American drummer (born 1972)

Joshua Ryan Freese (born December 25, 1972) is an American drummer who has been a member of the punk rock band the Vandals since 1989, and the alt-rock supergroup A Perfect Circle from 1999-2012 and since 2024. He was the drummer of the new wave band Devo from 1996 to 2023, the hard rock band Guns N' Roses from 1997 to 1999, the reggae rock band Sublime with Rome from 2011 to 2017, and the rock band Foo Fighters from 2023 to 2025.

A prolific session and touring drummer, Freese has appeared on over 400 albums since 1986 and performed live with artists including Nine Inch Nails, Weezer, Sting, 311, 100 Gecs, Ween, the Offspring and Danny Elfman. Freese's considerable output has earned him "the pristine reputation as one of the most in-demand session drummers in the business", according to Variety, while he jokingly dubbed himself "the blue collar freelance drummer to the stars".

== Early life ==
Joshua Ryan Freese was born on December 25, 1972, at Florida Hospital in Orlando, Florida. At the time of his birth, Freese's father, Stan Freese, was working at the newly opened Walt Disney World Resort as the director of bands and leader of the Walt Disney World Marching Band. His mother, Patricia (née Weatherhead, later Bridenstine), is a classical pianist and a writer.

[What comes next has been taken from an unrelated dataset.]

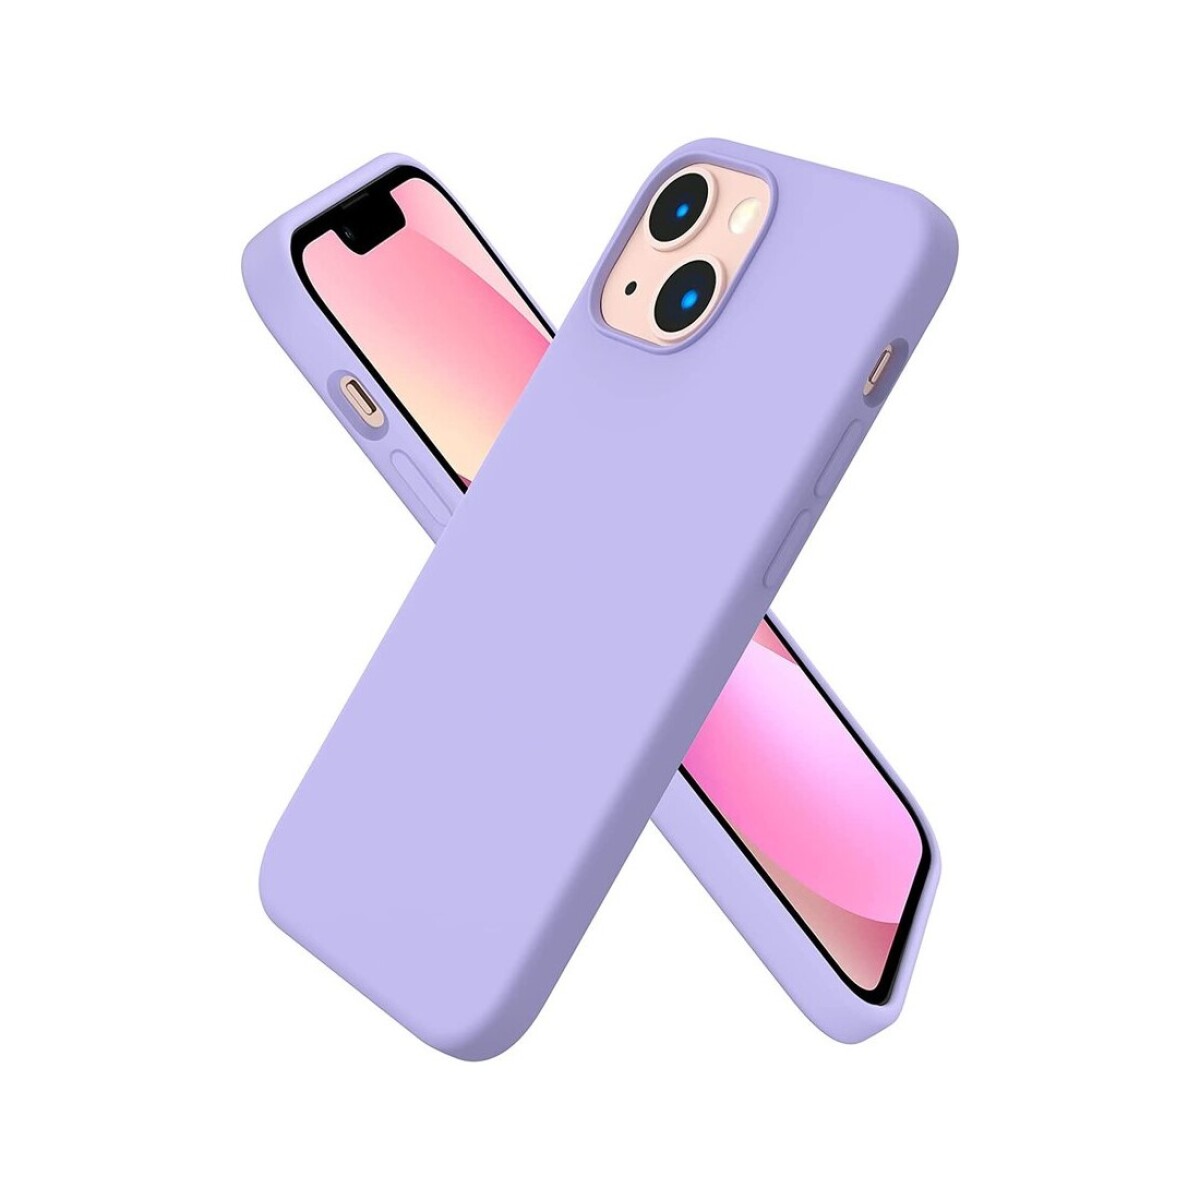 Protector case de silicona para iphone 13 mini - Lila pastel

In 1974, Freese's father was transferred to Disneyland Park in Southern California to lead the Disneyland Band. Freese and his younger brother Jason spent summers at the park while their father worked. Freese said that some of his earliest memories are of he and his brother marching with the Disneyland Band holding toy instruments.

Freese's first job was at Disneyland as a shoe shine boy during the summer of 1985. Freese and his brother would shine the shoes of park employees and worked for tips.

== Career ==
Freese began playing the drums when he was eight years old. His father set up a Yamaha drum set he had received through a promotional deal. After playing around on that drum set for two years, Freese's father took him to the 1983 NAMM Show, an annual music industry trade show at the Anaheim Convention Center. There he attracted the attention of the crowd by playing on a vendor's sample drum set.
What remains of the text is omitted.